Cystic fibrosis…..not just a lung disease.
Cystic fibrosis (CF) is a genetic disease that affects ~100,000 people worldwide and ~40,000 people in the United States. It mainly affects Caucasians, with 1 in 3000 babies being born with CF. Other demographics are affected by CF as well, with 1 in 17,000 African Americans and 1 in 31,000 Asian American babies being affected. This disease is caused by mutations in the cystic fibrosis transmembrane conductance regulator (cftr) gene, which encodes a chloride channel.
Clinically, adult CF patients typically suffer from severe lung disease, which often requires life-long treatments and sometimes, even lung transplants. Yet, what’s far less known, is that individuals with CF develop intestinal problems before and after birth. CF newborns have to be monitored closely for potential development of intestinal complications and blockage, called meconium ileus. If they do present with blockage, they must be treated urgently, to ensure survival. With the use of constant laxative supplementation, antibiotic regimens, and specialized diets, the intestinal component of CF disease is manageable, but constipation and distal intestinal obstruction syndrome persist through life. Furthermore, bacterial overgrowth in the small intestine (SI) and bacterial dysbiosis in the large intestine (LI) constitute a major condition in CF.
CF intestinal dysbiosis
Studies have looked at the microbiota of various CF models, from human, to rabbits, mice and ferrets. All studies conclusively state that CF individuals/models have an altered microbiota when compared to their healthy cohorts. Studies also found that they have less diversity in the bacterial taxa present, indicating an unhealthy gut milieu.
Our study investigated this matter from a different angle to address if the immune system had any part in the intestinal disease of CF.
Our lab generated 3 immune knockout mouse models to directly assess how the loss of CFTR on neutrophils (Neu-CF), macrophages (Mac-CF), and myeloid lineage cells (Mye-CF) contributed to the altered microbiota in CF mice. We found that the immune defect does play a role in influencing the intestinal microbiota, as the Neu-CF mice and Mye-CF mice had differing taxa when compared to WT mice.
We also saw that when CFTR was non-functional on all myeloid lineage cells (Mye-CF), the microbiota of these mice was more similar to the microbiota of CF mice (Pan-CF; whole body CFTR deletion) when measuring the bacterial population evenness (Shannon Index), and the phylogenetic diversity (Faith’s PD) of the bacterial taxa.
To take things a bit further, we performed bone marrow transplantation (BMT) on sibling CF and WT mice. This allowed us to control for any genetic differences in the mice. We created 3 BMT conditions: WT bone marrow (BM) given to WT mice (WT-to-WT); WT BM given to CF mice (WT-to-CF); and CF BM given to CF mice (CF-to-CF).
By doing this, we were able to directly assess how the immune defect contributes to changes in the microbiota by comparing WT-to-CF vs CF-to-CF. These mice have the same epithelia (CF) but now the WT-to-CF mice have a WT (CFTR+/+) immune system.
To compare how the epithelial defect contributes to the altered microbiota, we compared WT-to-WT vs WT-to-CF. These mice both have functional CFTR on their immune cells, but the CF mice (WT-to-CF) still have non-functional CFTR on their epithelia.

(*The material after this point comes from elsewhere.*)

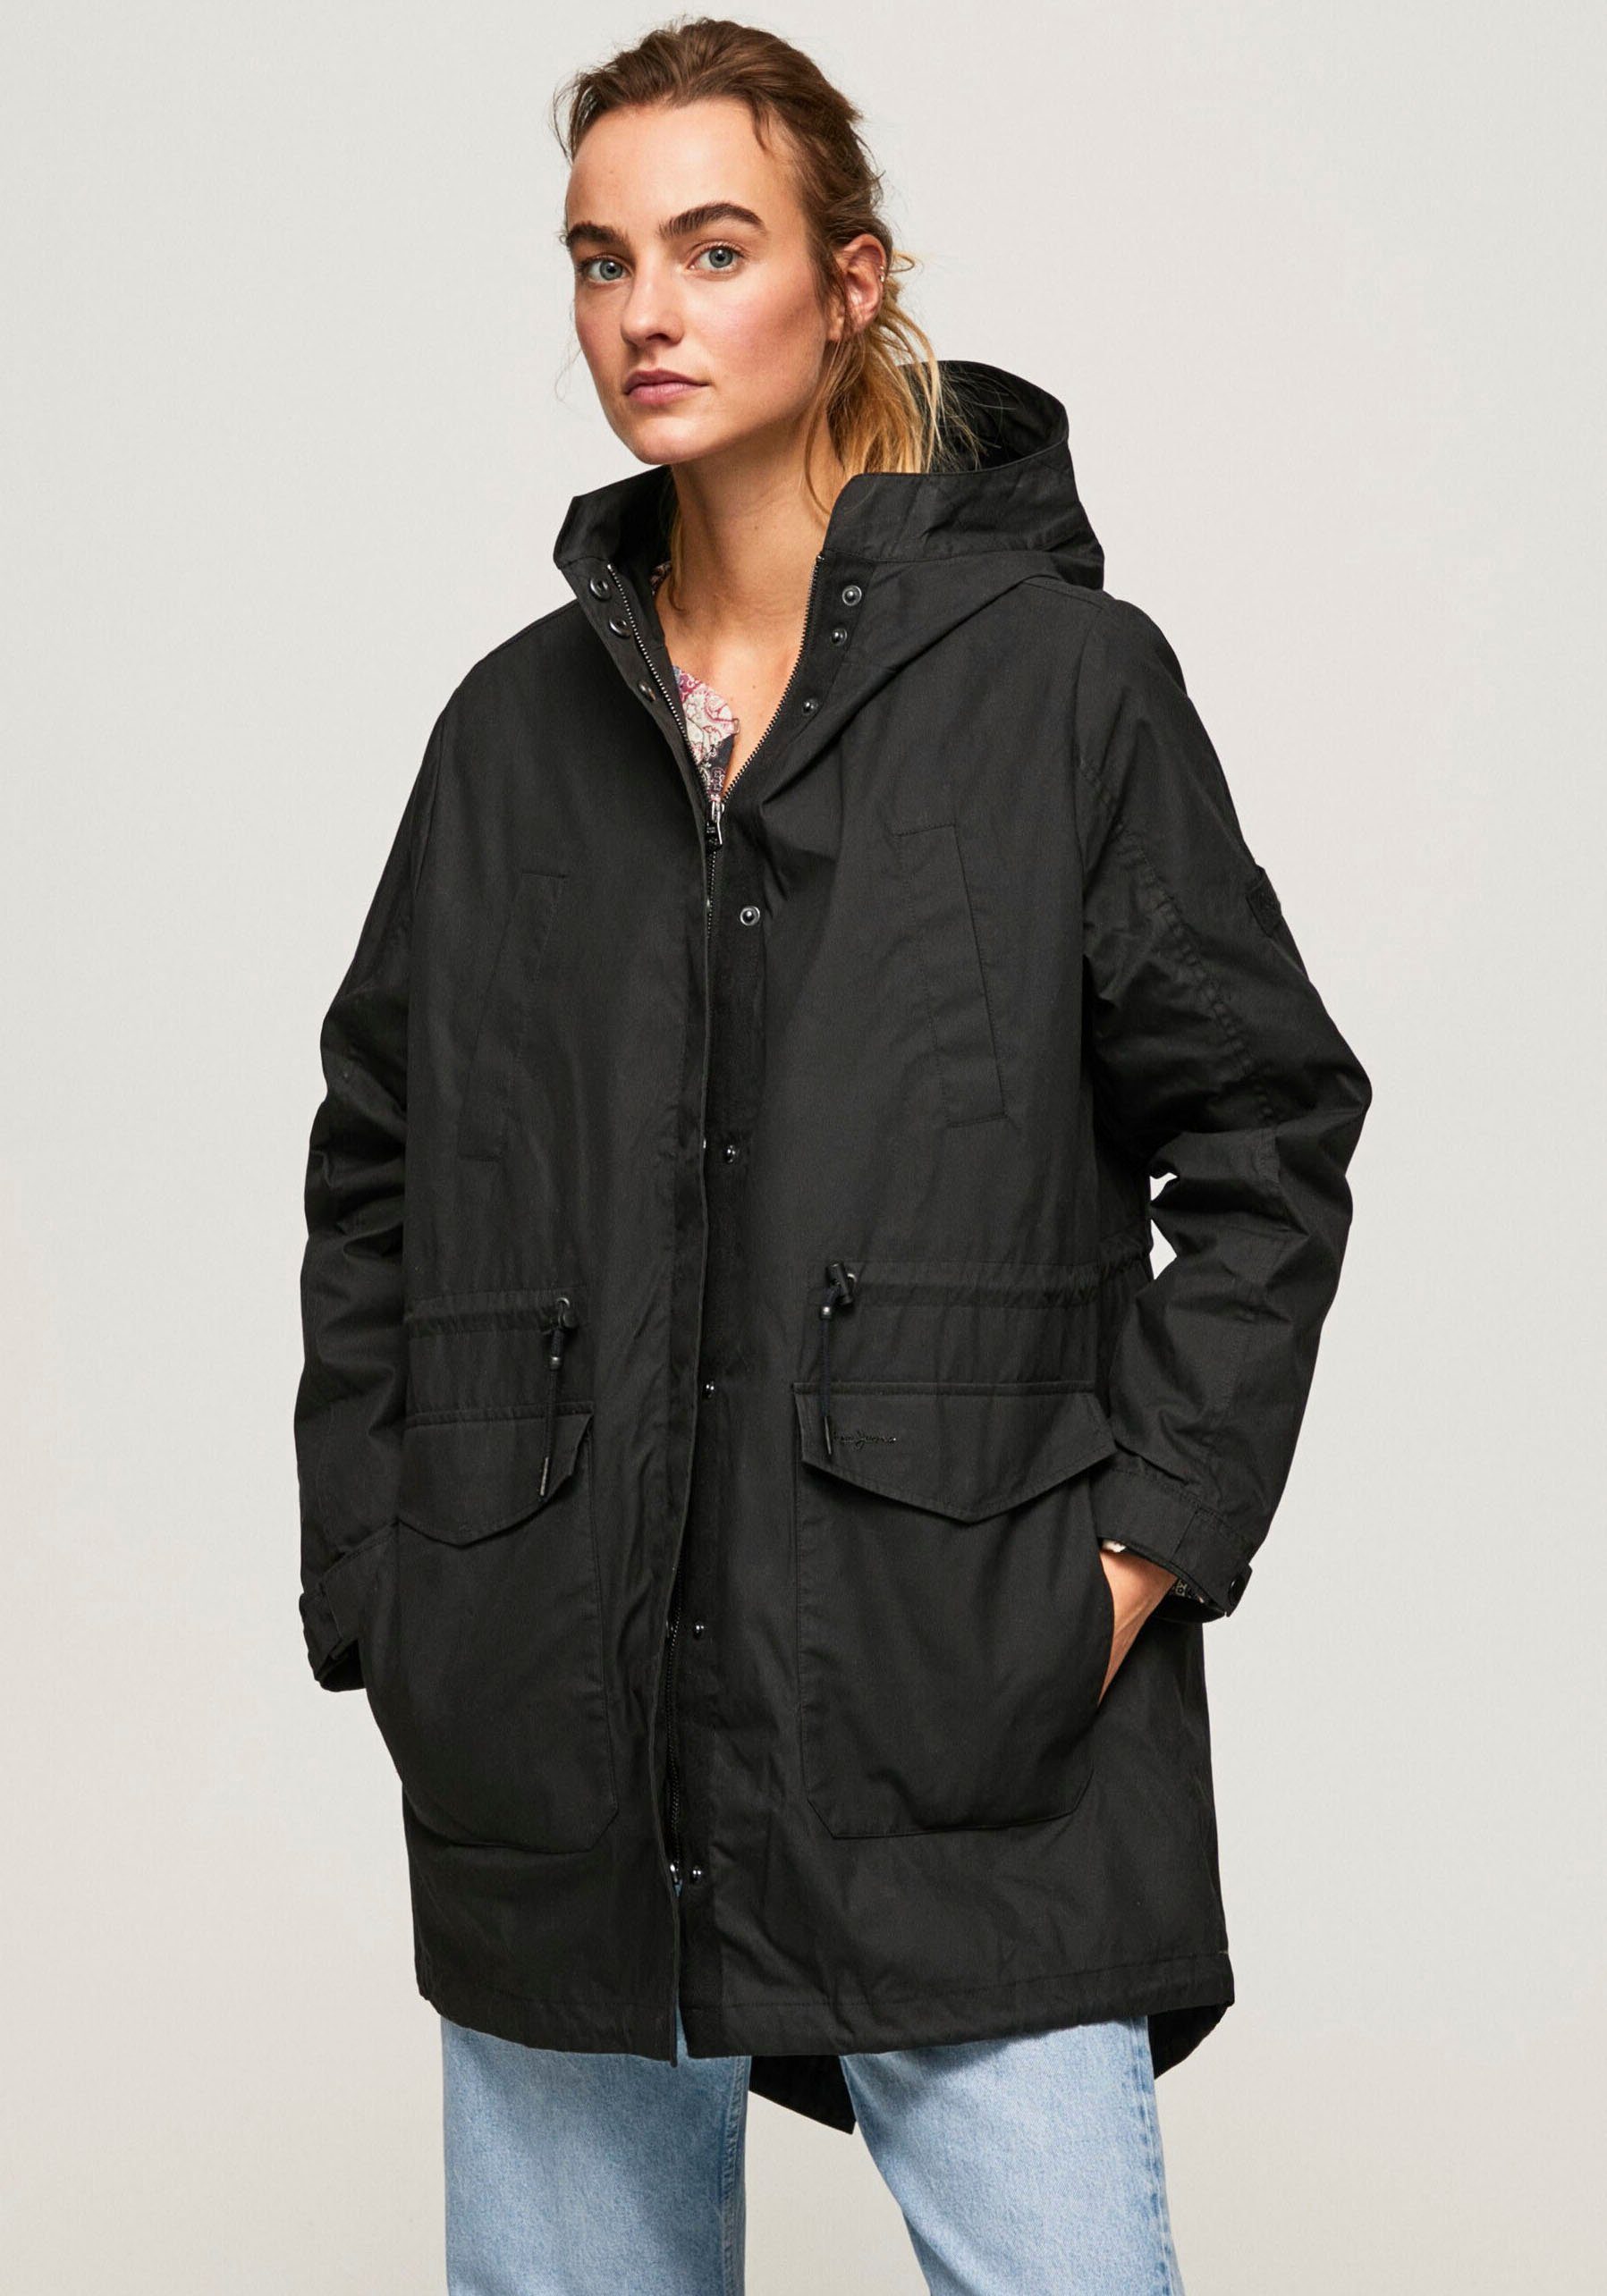 Parka ROONEY Pepe Jeans
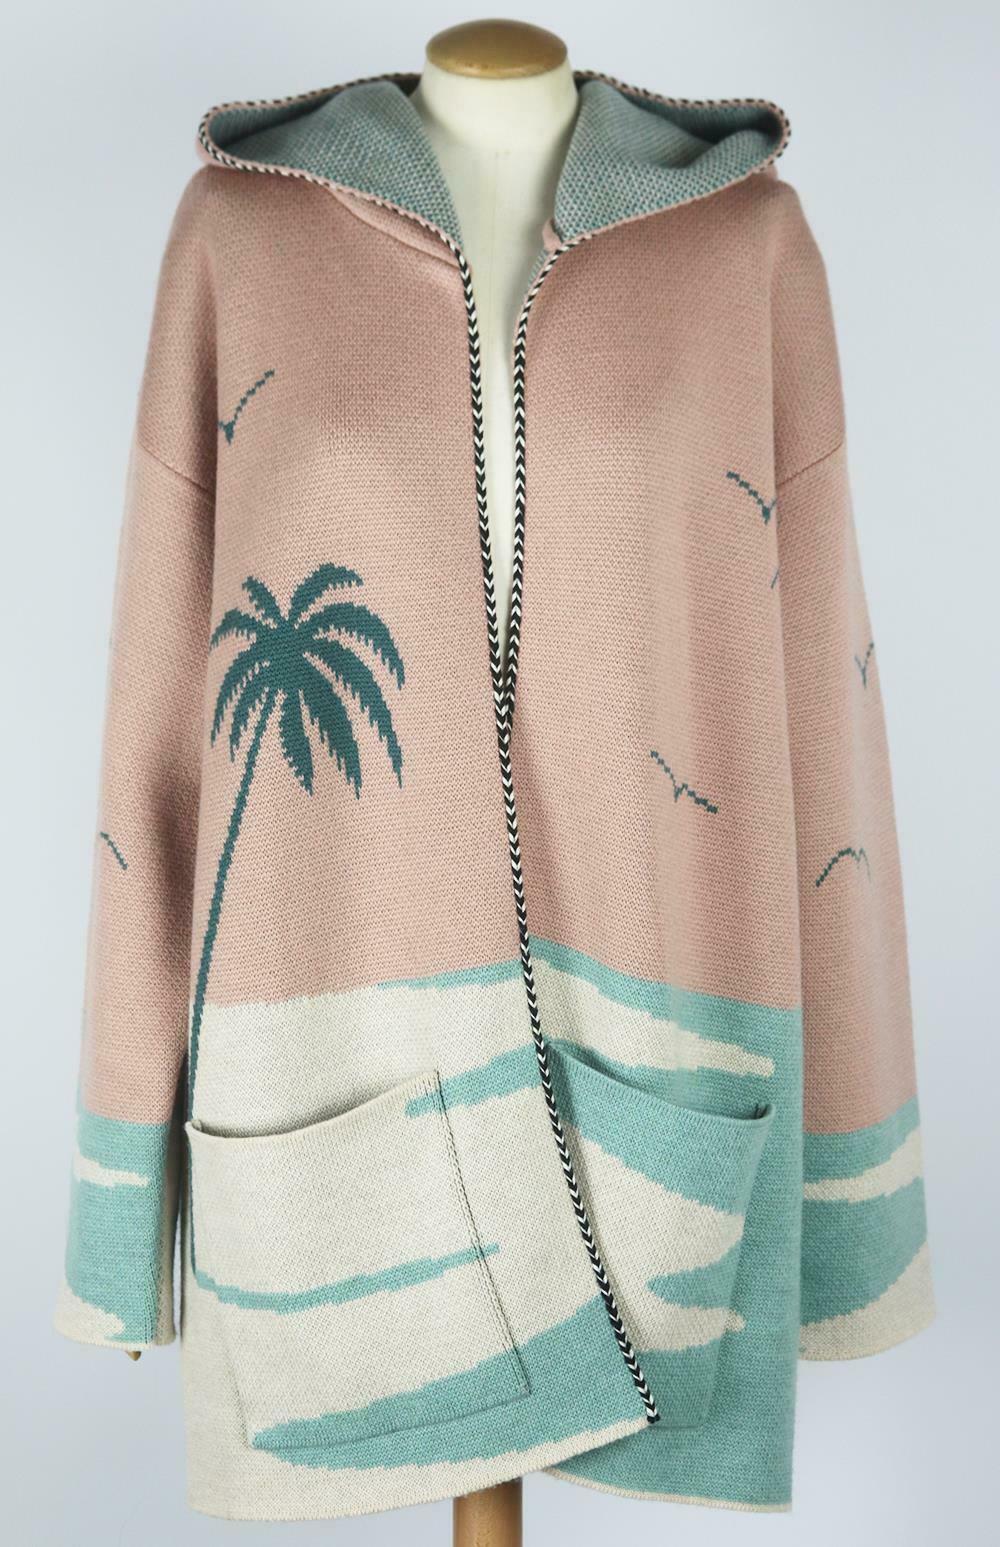 Each one of Alanui's cardigans is a true mark of craftsmanship - this hooded version took four hours just to knit and another five to assemble, made in Italy from six different colored yarns, it has a relaxed silhouette and is jacquard-woven with a

What we found was that the immune defect contributed the most to the altered gut microbiota in the small intestine. This suggests that the altered taxa seen in the small intestine is due to the ill functioning immune system. Interestingly, we also performed bacterial predictive functional analysis using PICRUSt2 and saw that when comparing WT-to-CF vs CF-to-CF mice, bacterial predictive functions involved in bacterial virulence were decreased in the WT-to-CF mice. Suggesting the healthy immune system selected for healthier and less virulent bacteria.
When looking at WT-to-WT vs WT-to-CF comparisons, we see that the epithelial defect contributed the most to the difference in taxa in the large intestine. Thus, both of these findings suggest that the immune defect and epithelial defect play a role in the altered gut microbiota seen in CF individuals and animal models.
Here, we see that both the epithelial defect and the immune defect contribute to the CF intestinal disease and need to be equally investigated in future studies. These findings help to broaden the current knowledge and scope of CF research today. By understanding how the loss of a functional CFTR contributes to altered immune function and influences the gut microbiome, scientists can continue to make bounds in finding a cure for CF.